The avian compass and many other of nature’s magnetoreceptive traits are widely ascribed to the protein cryptochrome. There, magnetosensitivity is thought to emerge as the spin dynamics of radicals in the applied magnetic field enters in competition with their recombination. The first and dominant model makes use of a radical pair. However, recent studies have suggested that magnetosensitivity could be markedly enhanced for a radical triad, the primary radical pair of which undergoes a spin-selective recombination reaction with a third radical. Here, we test the practicality of this supposition for the reoxidation reaction of the reduced FAD cofactor in cryptochrome, which has been implicated with light-independent magnetoreception but appears irreconcilable with the classical radical pair mechanism (RPM). Based on the available realistic cryptochrome structures, we predict the magnetosensitivity of radical triad systems comprising the flavin semiquinone, the superoxide, and a tyrosine or ascorbyl scavenger radical.
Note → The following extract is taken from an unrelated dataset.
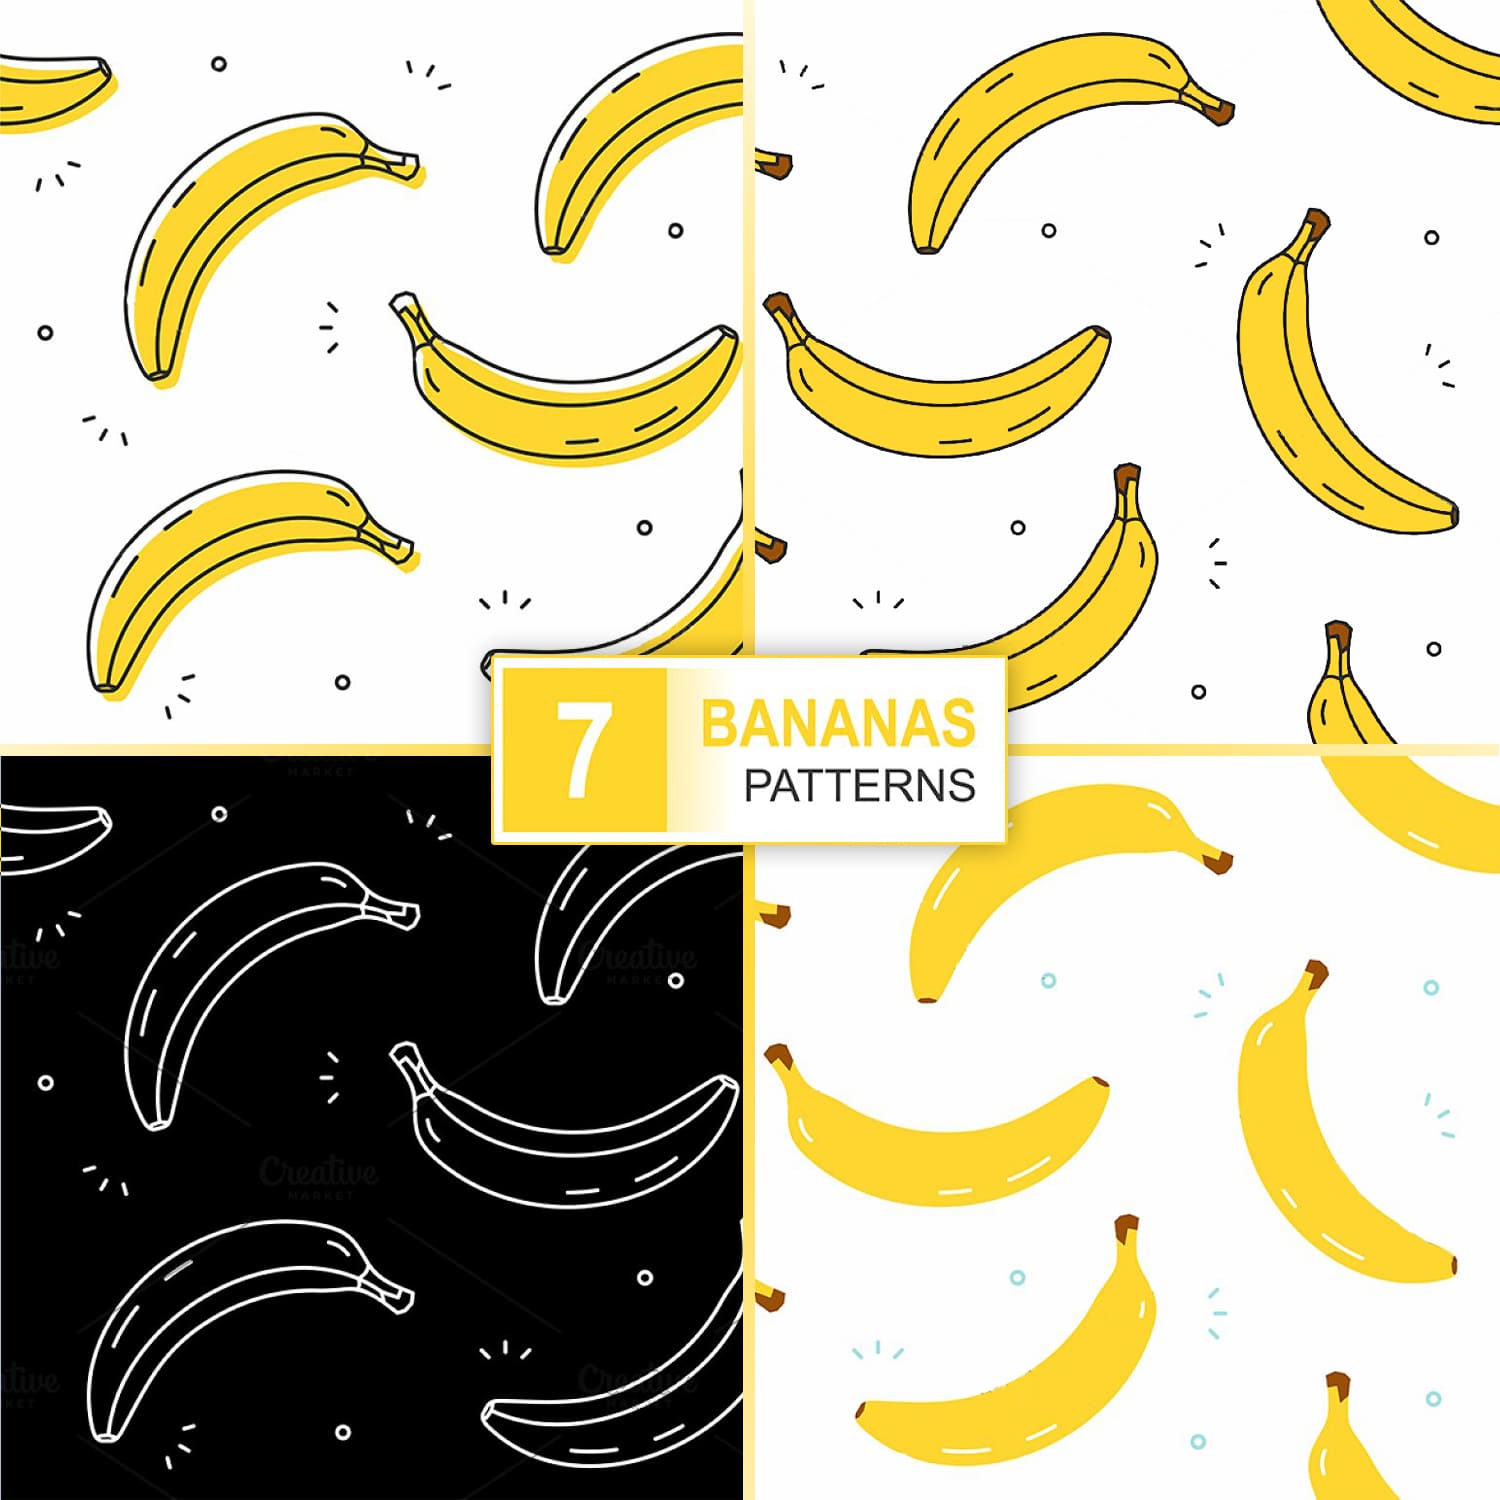 bananas patterns graphics design.

We consider many hyperfine-coupled nuclear spins, the relative orientation and placement of the radicals, their coupling by the electron–electron dipolar interaction, and spin relaxation in the superoxide radical in the limit of instantaneous decoherence, which have not been comprehensively considered before. We demonstrate that these systems can provide superior magnetosensitivity under realistic conditions, with implications for dark-state cryptochrome magnetoreception and other biological magneto- and isotope-sensitive radical recombination reactions.